The stem length and leaf number of gametophores were also compared 4 weeks after inoculation (Supplementary Fig. S2). In SD, the stems of gametophores in all the disruption lines were longer than those in WT (Supplementary Fig. S2C), whereas in LD, only those in the PHK2 single disruption line were longer than those in WT (Supplementary Fig. S2D). The reason for this difference between SD and LD is probably that most gametophores had performed a longer period of photosynthesis in LD than in SD and they grew to their maximum sizes. There was no significant difference in the ratios of leaf number to stem length between all lines (Supplementary Fig. S2E, F). Additionally, there was no recognizable difference in the basic morphology of gametophores between the lines (Supplementary Fig. S2G, H). The observation that in SD gametophores were longer in disruption lines than in WT is consistent with the idea that PHK1 and PHK2 delay the developmental timing of gametophores.

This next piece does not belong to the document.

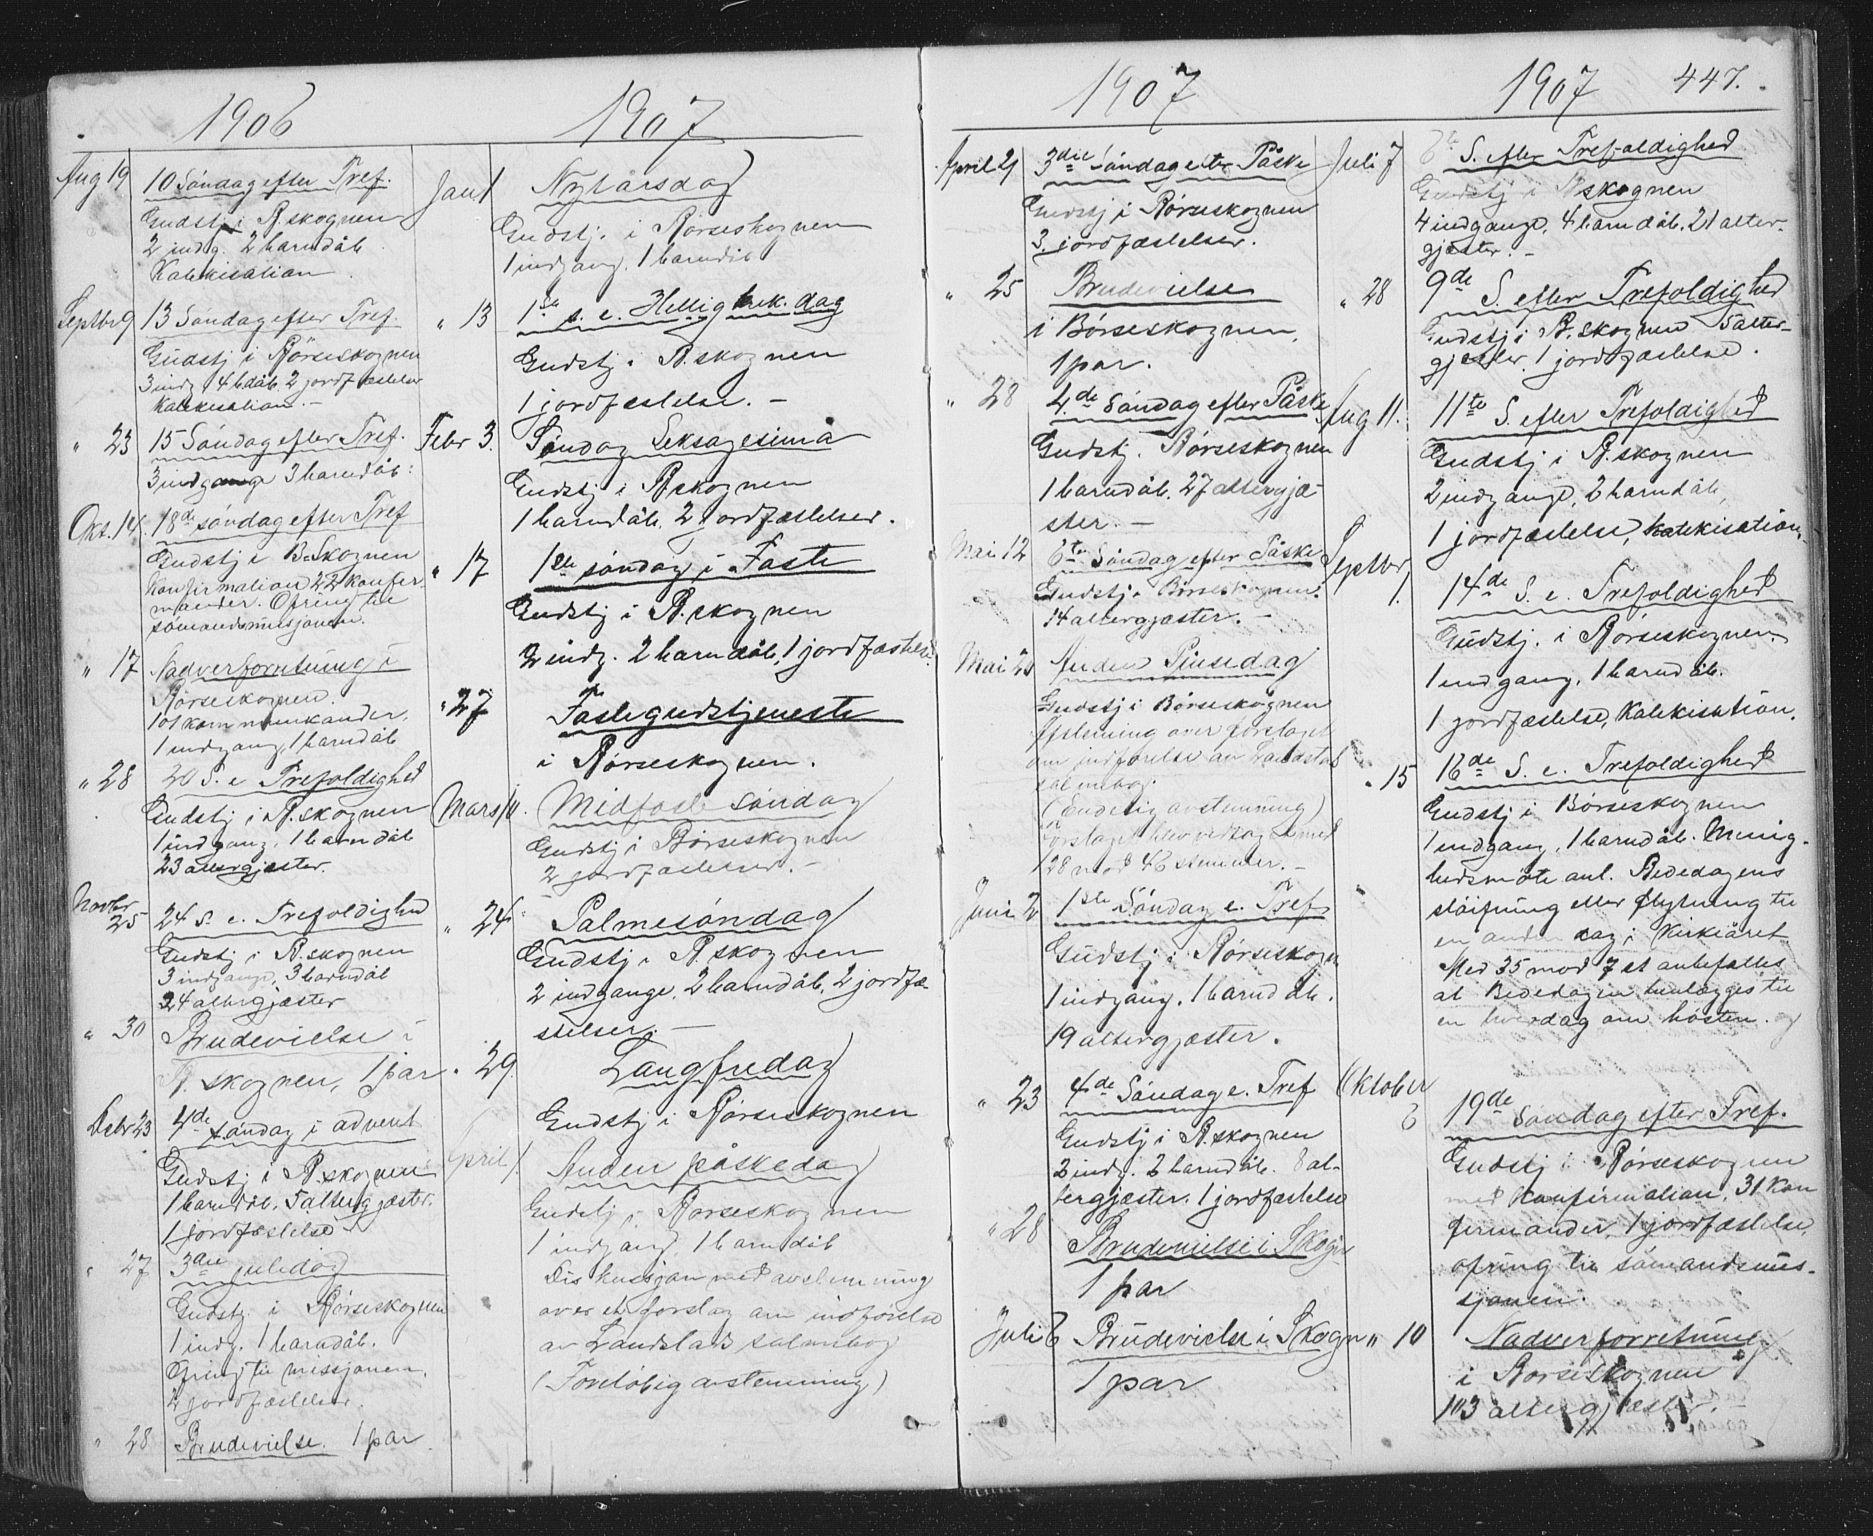 SAT, Ministerialprotokoller, klokkerbøker og fødselsregistre - Sør-Trøndelag, 667/L0798: Klokkerbok nr. 667C03, 1867-1929, s. 447

Earlier formation of side branches of caulonemata in the disruption lines

We observed early stages of gametophore development in the disruption lines. Gametophores are formed from protonemata through the following developmental processes: (i) chloronema apical cells develop into caulonema cells, (ii) caulonema cells form side branch initial cells, (iii) some of the side branch initial cells develop into buds, and (iv) these buds develop into gametophores (Cove and Knight, 1993, Cove, 2005). First, we compared side branch formation (process (ii)) between WT and the double disruption line. To do this, we grew protonema tissues under unilateral dim red light irradiation (~8 µmol m−2 s−1) for 10 d, thereby suppressing side branch formation, and then irradiated the cultures with white (45 µmol m−2 s−1), blue (30 µmol m−2 s−1), or red (30 µmol m−2 s−1) light for 2 d in order to induce the synchronous formation of side branch initial cells (Kadota et al., 2000; Okano et al., 2009; Aoyama et al., 2012). We confirmed that caulonema filaments of each line underwent tip growth but formed no side branches during unilateral dim red light irradiation (n=13, 8, 10, and 19 for WT, phk1-13, phk2-44 and phk1 phk2-20, respectively). Two days after the onset of light for inducing side branch formation, we counted the number of side branches within six cells from the filament tip (including the caulonema apical cell, which forms no side branch) (Fig. 6; Supplementary Table S3). White, blue, and red light all induced the formation of side branches both in WT and in the double disruption line. In WT, blue light induced formation of more side branches than red light at the same light intensity (Fig. 6C; Supplementary Table S3). Side branch formation was more strongly induced in the disruption line than in WT when irradiated with white or red light (Fig. 6C; Supplementary Table S3). We also observed that single disruption lines of PHK1 or PHK2 also showed stronger induction of side branch formation in response to white light than WT (see Supplementary Table S3). These observations indicate that PHK1 and PHK2 repress red light signaling that induces caulonema side branch formation.

Fig. 6.

Fig. 6.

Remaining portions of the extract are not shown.